══ SOURCE DATA ══

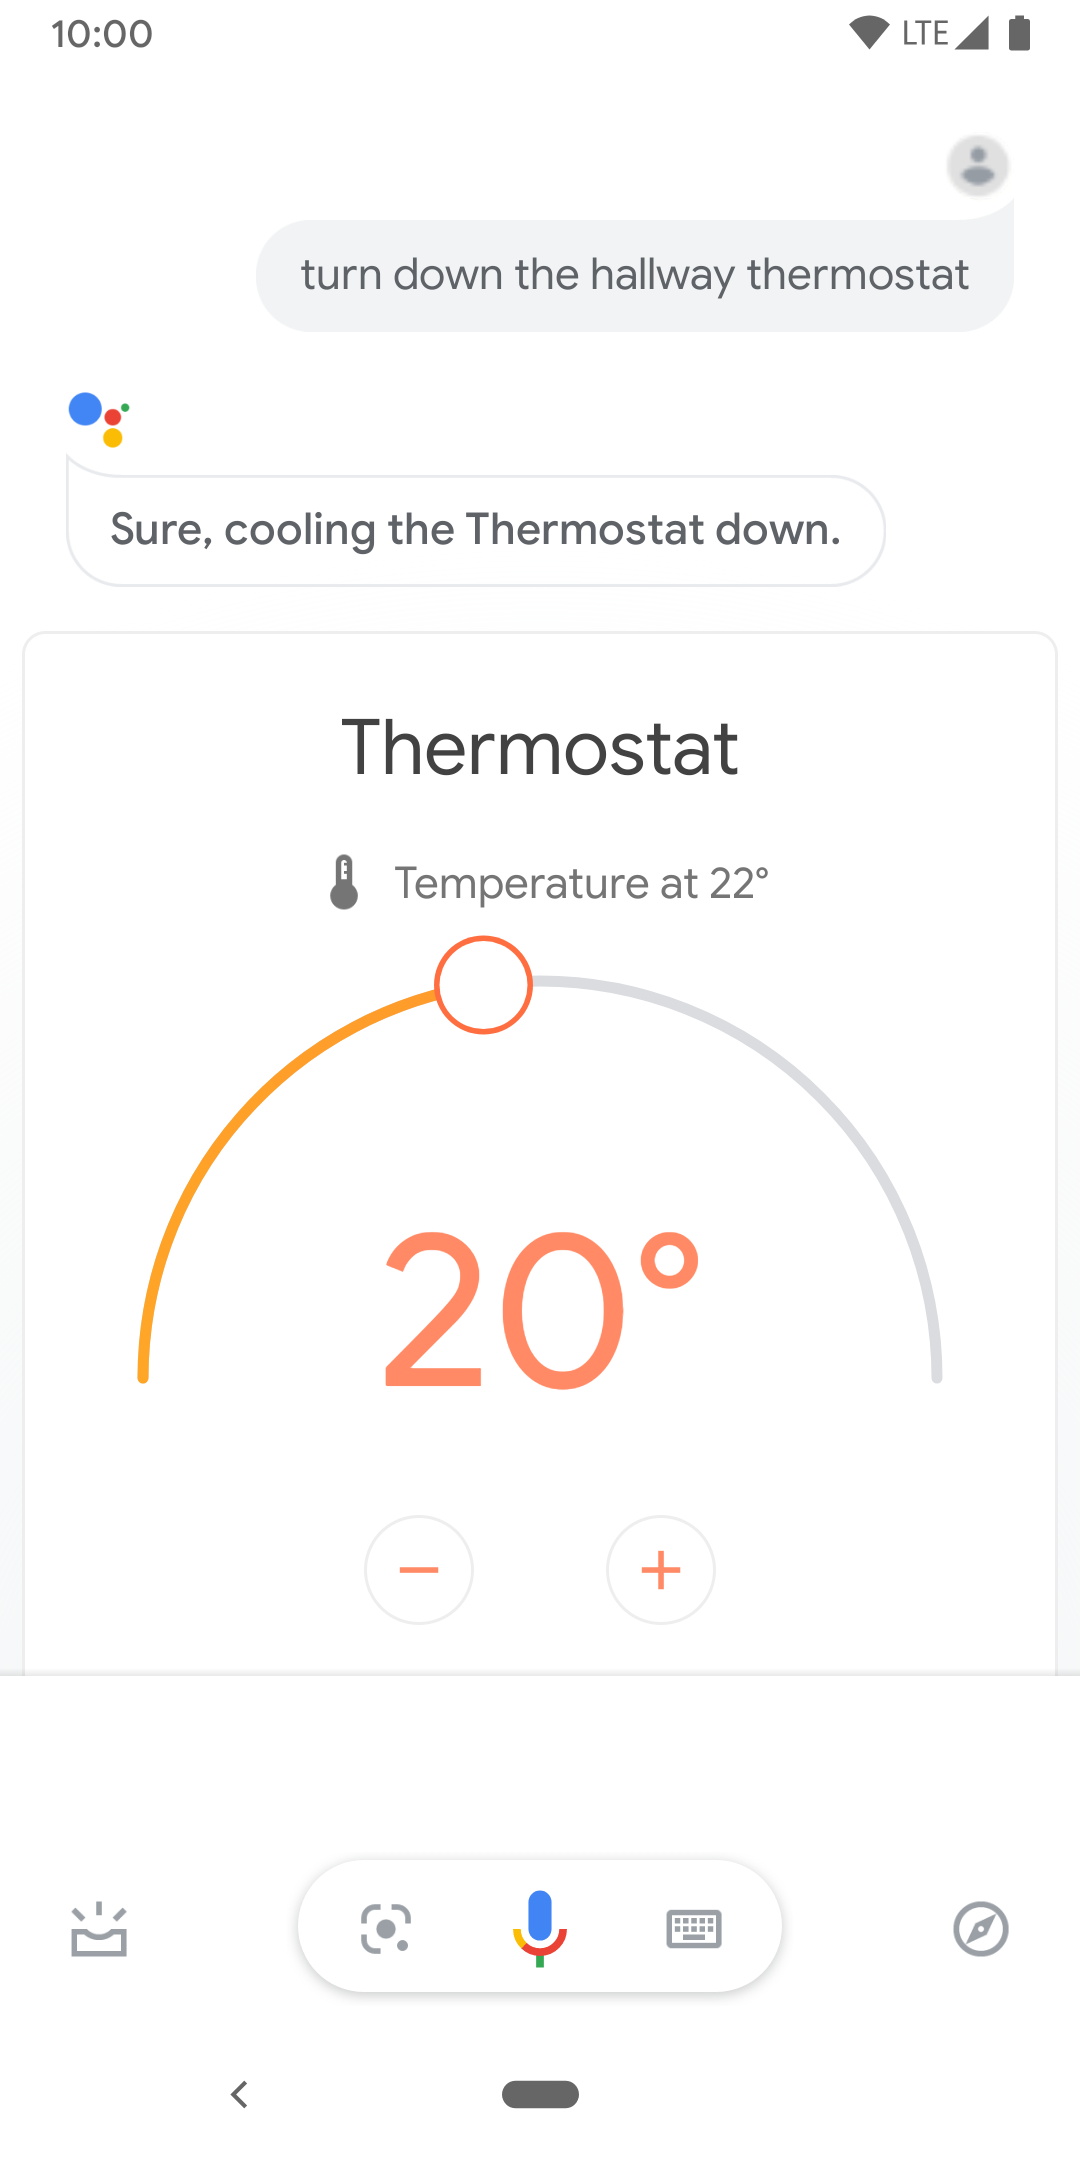 Bu resimde, koridordaki termostatın sıcaklığını kontrol etmek için kullanılan dokunma kontrolleri gösterilmektedir.
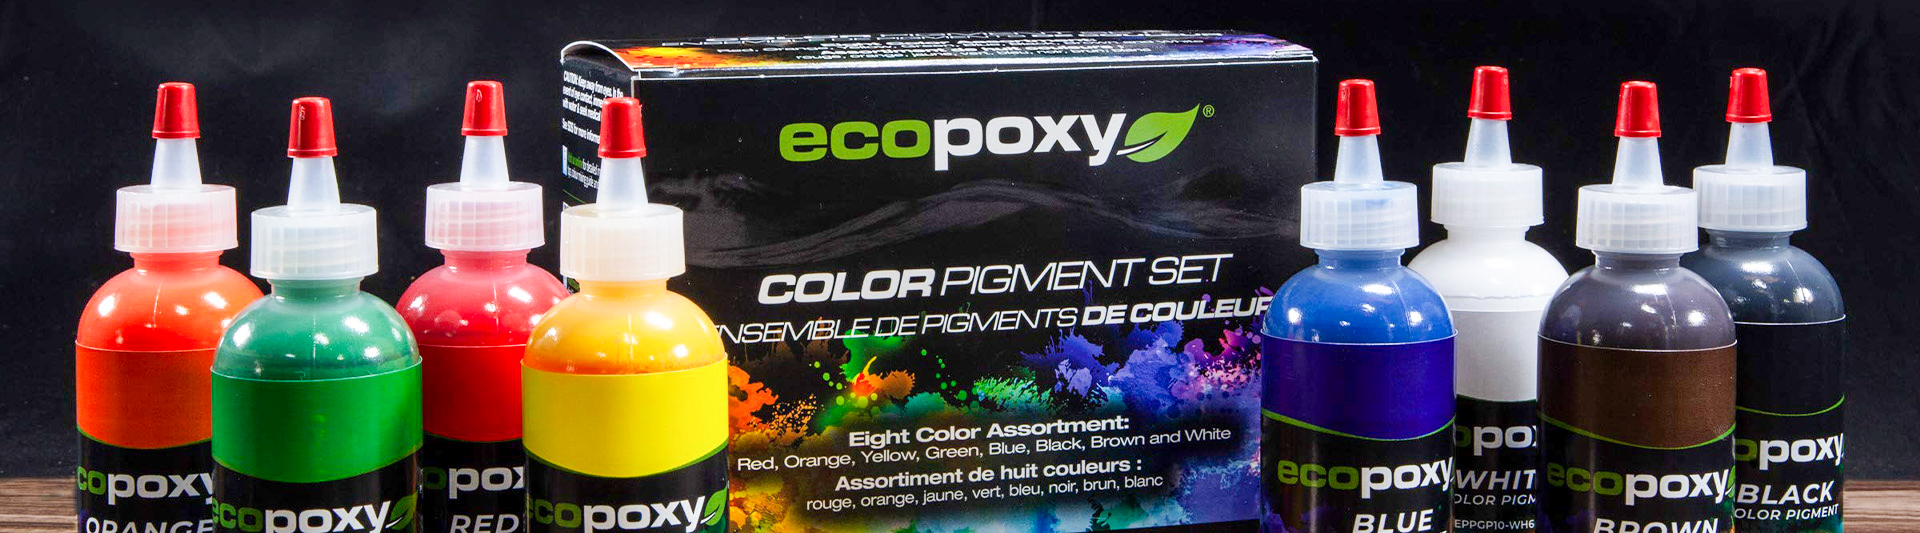 EcoPoxy
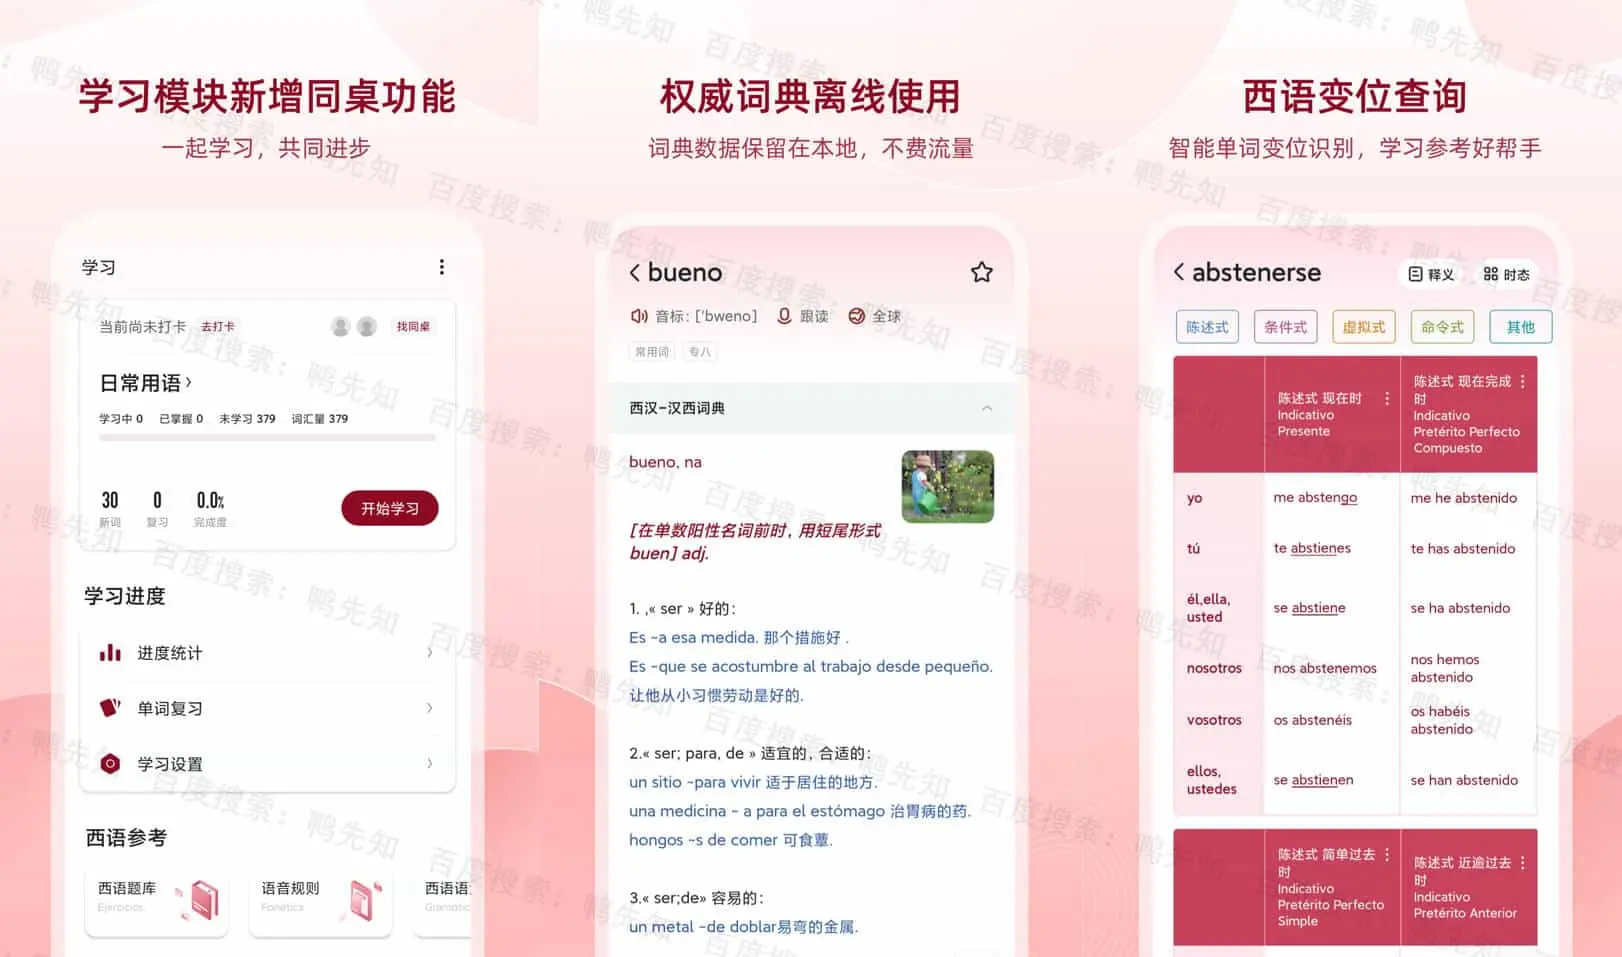 西语助手 v9.3.7 中国西语学习者特别设计的教育软件，去广告解锁高级版

═══

The required output is every line of the data above, set down exactly and stripped of pictures.

 Bu resimde, koridordaki termostatın sıcaklığını kontrol etmek için kullanılan dokunma kontrolleri gösterilmektedir.
 EcoPoxy
 西语助手 v9.3.7 中国西语学习者特别设计的教育软件，去广告解锁高级版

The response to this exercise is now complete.